# GOAL OF THE EXERCISE
All lines below must be repeated exactly, with the pictures omitted.

# MATERIAL PROVIDED
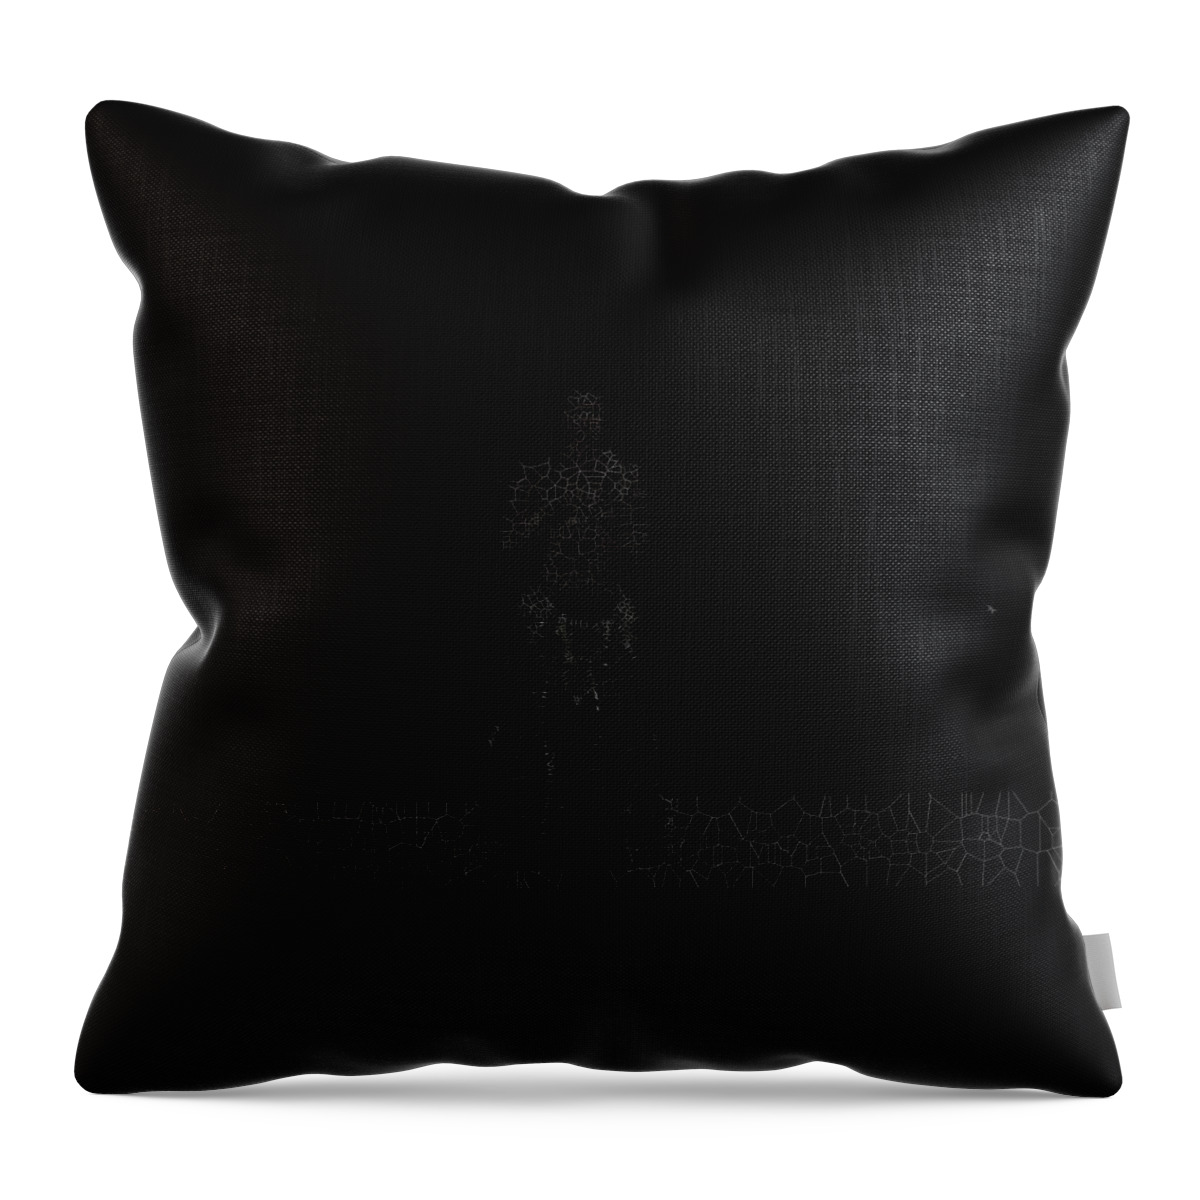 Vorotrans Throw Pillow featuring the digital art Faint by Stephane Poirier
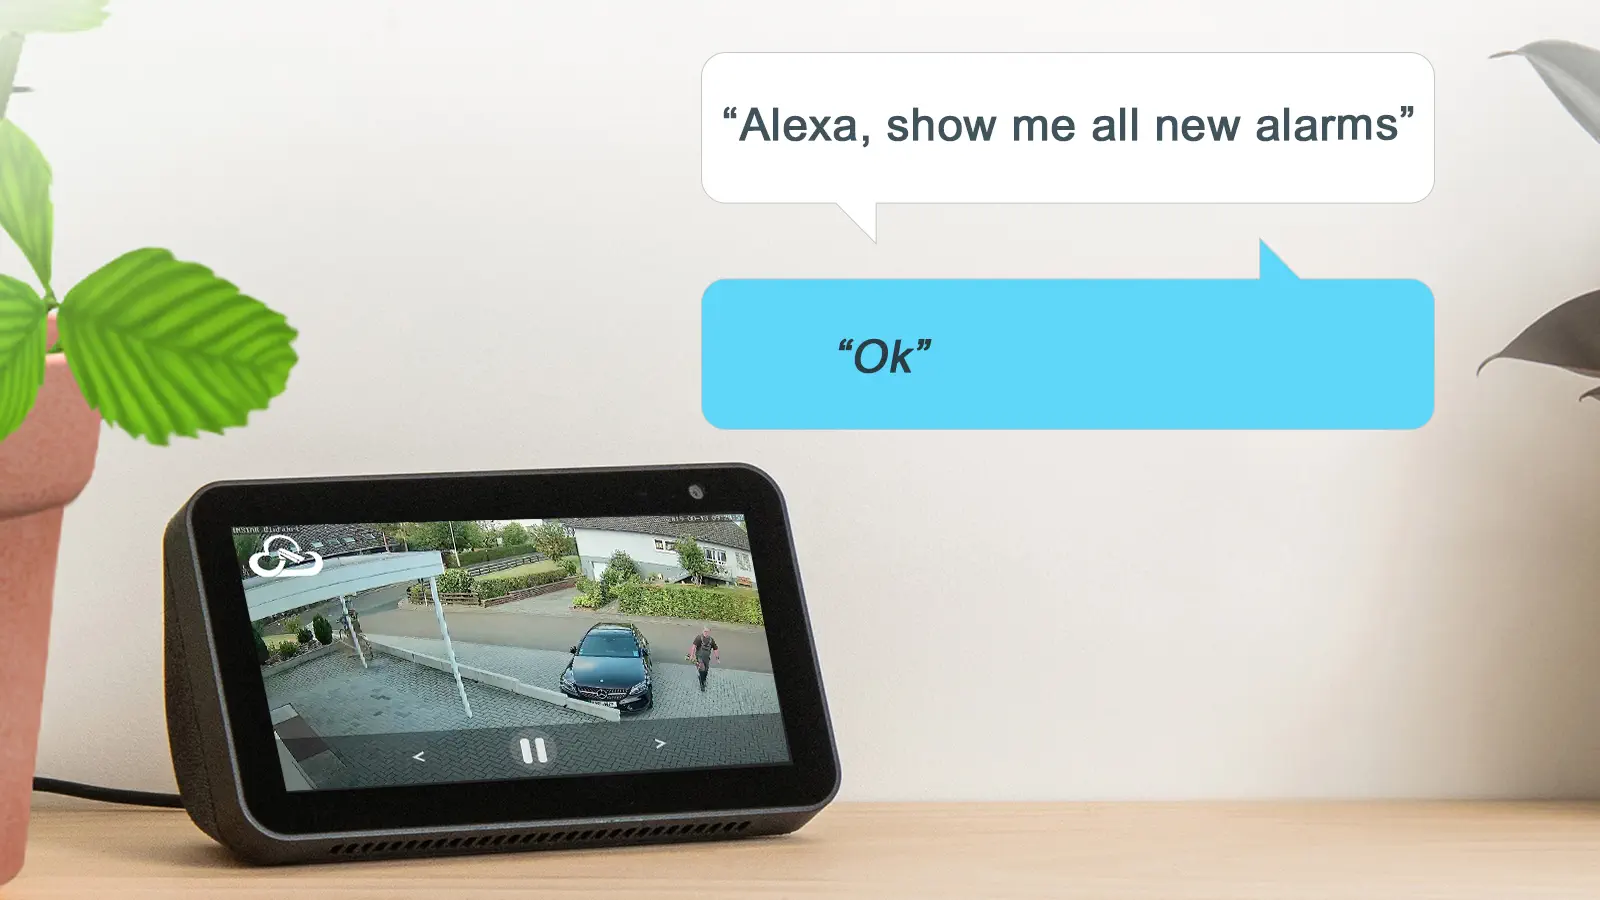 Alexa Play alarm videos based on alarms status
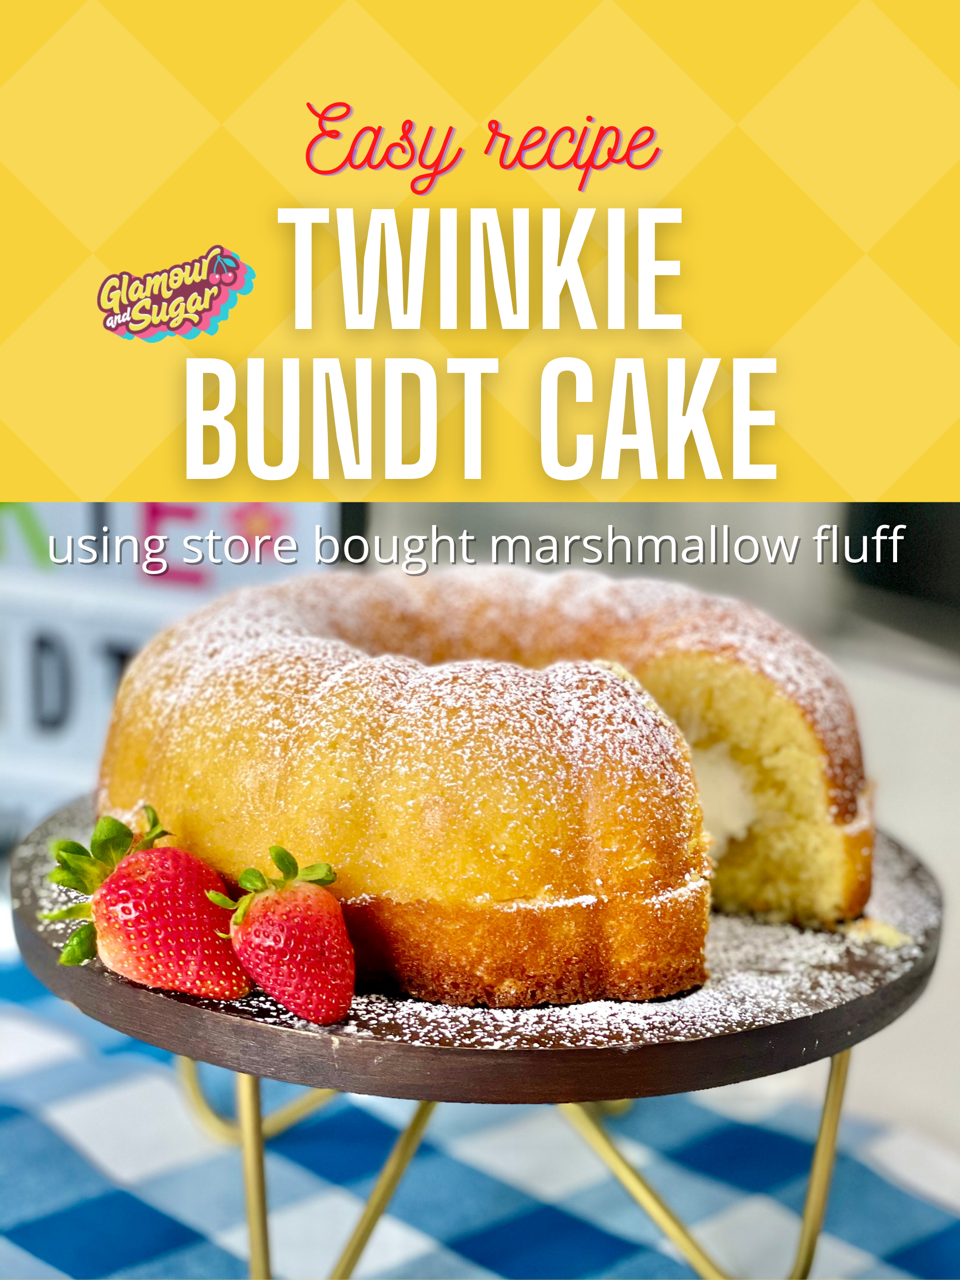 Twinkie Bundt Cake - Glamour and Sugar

# EXERCISE OUTPUT
 Vorotrans Throw Pillow featuring the digital art Faint by Stephane Poirier
 Alexa Play alarm videos based on alarms status
 Twinkie Bundt Cake - Glamour and Sugar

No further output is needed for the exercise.